Ev.-Luth. Kirchengemeinde St. Willehad Groß Grönau

Grabfeld für totgeborene Kinder

E I N   P L A T Z   F Ü R   D I E   T R A U E R

GedenksteinFür Eltern, deren Kind vor der Geburt stirbt, ist dies sehr schmerzhaft. Oft geschieht dies überraschend, und so sind die Eltern, die sich voller Hoffnung auf die Geburt ihres Kindes eingerichtet hatten, ganz plötzlich mit dem Tod konfrontiert. Selten haben sie dann die Ruhe und die Zeit zu überlegen, was mit ihrem toten Kind geschehen soll. Viele wissen nicht, dass eine normale Beerdigung auf dem Friedhof möglich ist; denn totgeborene Kinder, die unter 1000 Gramm wiegen, sind nicht bestattungspflichtig. So werden sie in den meisten Fällen dem Krankenhaus überlassen. Aber es ist sehr wichtig für die Verarbeitung der Trauer, dass die Trauernden richtig Abschied nehmen konnten. Dazu hilft ein würdiges Bestattungsritual. Auch einen Platz für die Trauer zu haben, den man aufsuchen kann, ist für die meisten sehr hilfreich.

Wir haben daher auf unserem kirchlichen Friedhof ein Grabfeld eingerichtet, auf dem totgeborene Kinder aus dem Bereich unserer Kirchengemeinde sowie bis auf weiteres auch aus Lübeck bestattet werden können. (Selbstverständlich ist es auch weiterhin möglich, das Kind in einem normalen Grab, zum Beispiel in einem Familiengrab beizusetzen.) Das neue Grabfeld liegt an der nördlichen Seite des Friedhofes links vom kleinen Friedhofstor.

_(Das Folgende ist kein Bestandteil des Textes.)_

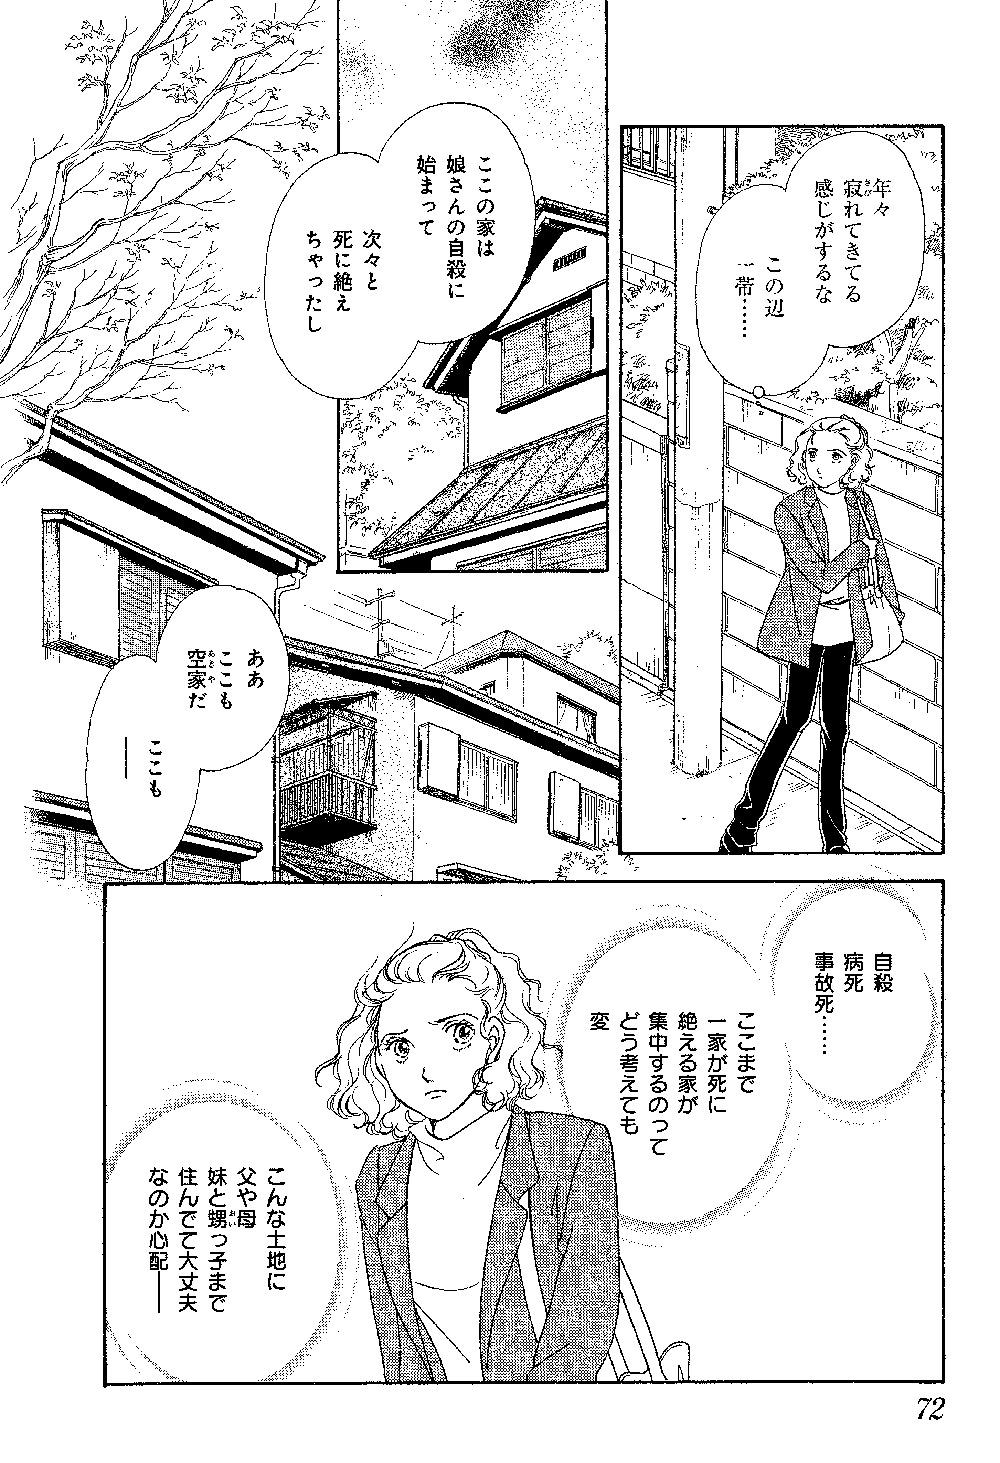 mayuri_0001_0072.jpg

Auf der gemeinsamen Rasenfläche sind Beisetzungen im Sarg oder in der Urne möglich.

Die Kosten sind bewusst niedrig gehalten, um allen Eltern die Beisetzung zu ermöglichen. Die Gebühr für die Grabnutzung und für das Ausheben und Schließen des Grabes beträgt zusammen 250 Euro. Die Pflege der Fläche wird vom Friedhofsamt übernommen.

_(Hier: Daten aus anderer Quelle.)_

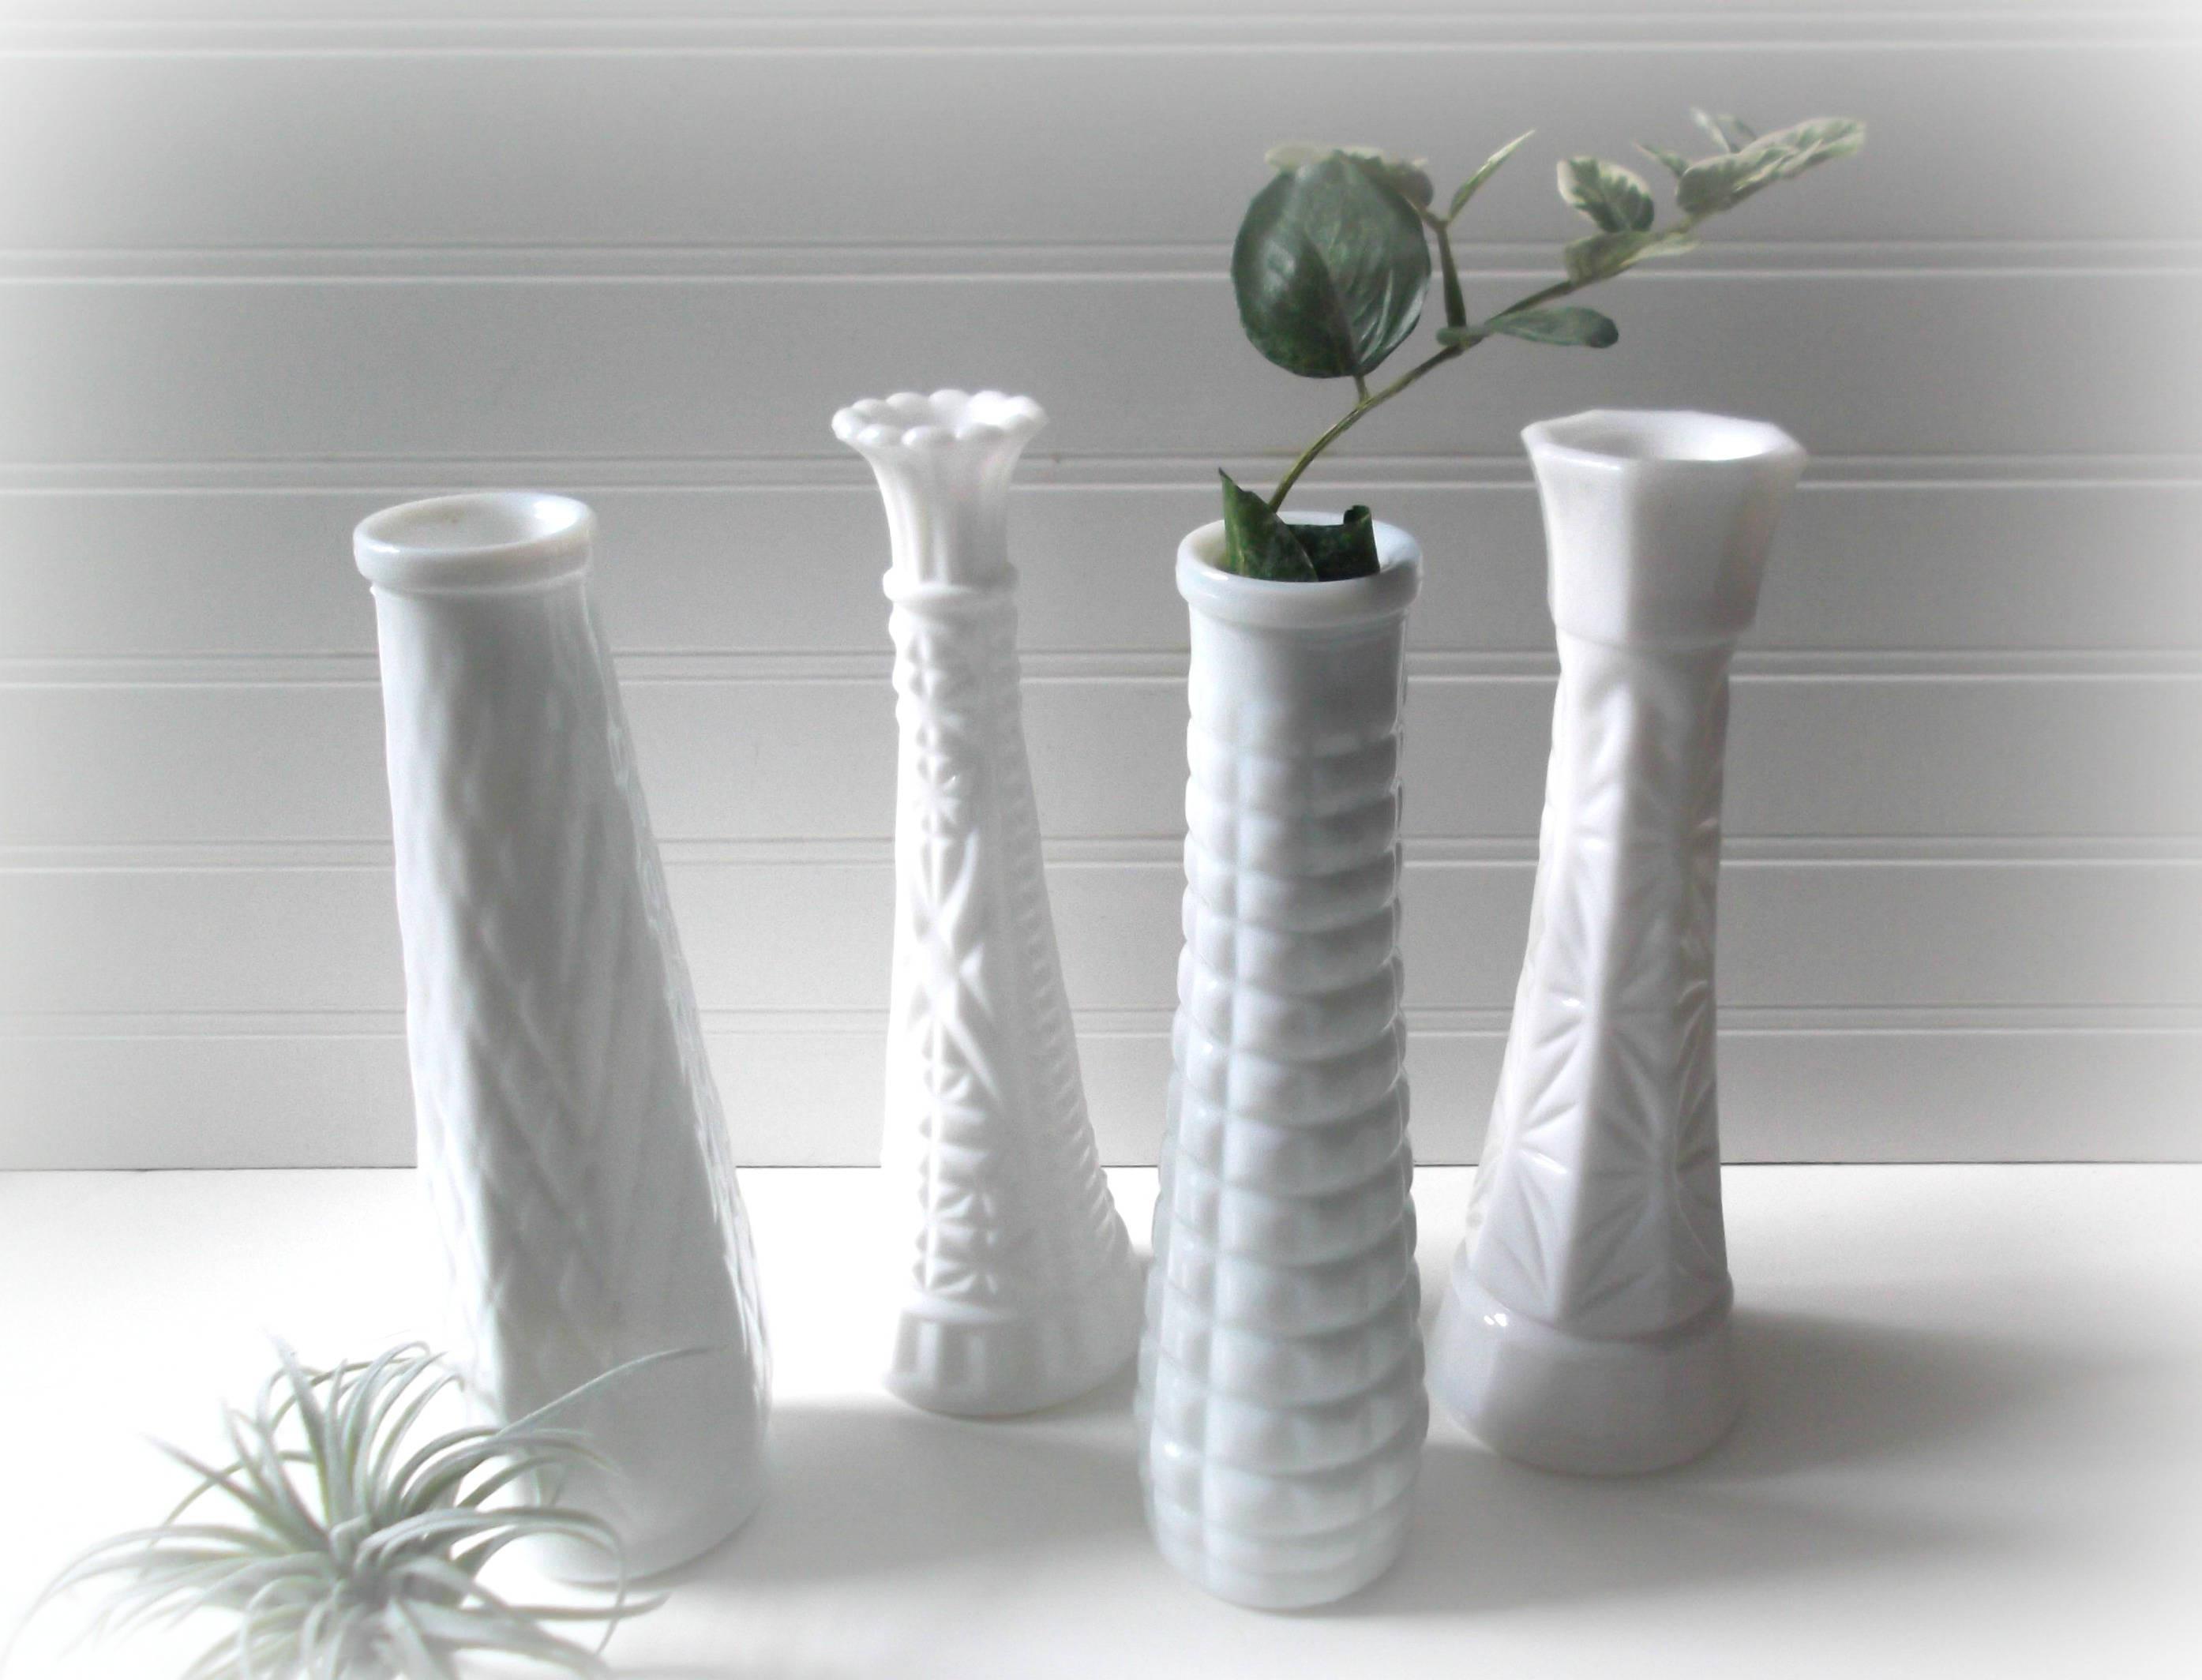 westmoreland milk glass vase of milk glass bud vases set of 4 vases for wedding vintage etsy inside image 0

Es kann auf diesem gemeinsamen Grabfeld kein eigener Grabstein gesetzt werden. Jedoch wird von der Kirchengemeinde ein Gedenkstein aufgestellt. Auf diesem Stein sind Schmetterlinge dargestellt. Der schöne, leichte Schmetterling, der sich aus der unscheinbaren, starren Raupe verwandelt, hat die Menschen seit Jahrhunderten veranlasst, darin ein Sinnbild für die Auferstehung zu erkennen. Es steht die Vorstellung dahinter, dass der irdische Leib des Menschen nach dem Tode verwandelt wird zu einem geistlichem Leib. Der Gedenkstein trägt folgende Inschrift:

GedenksteinD u   k a m s t,
d u   g i n g s t
m i t   l e i s e r   S p u r,
e i n   f l ü c h t ' g e r   G a s t
i m   E r d e n l a n d;
w o h e r?   w o h i n?
W i r   w i s s e n   n u r:
a u s   G o t t e s   H a n d
i n   G o t t e s   H a n d.

Wir möchten Eltern, die um ihr totgebornes Kind trauern, helfen, dass sie ihr totes Kind in Würde beisetzen können und sie einen Platz für ihre Trauer haben und Menschen, die sie seelsorgerlich in ihrem Leid begleiten.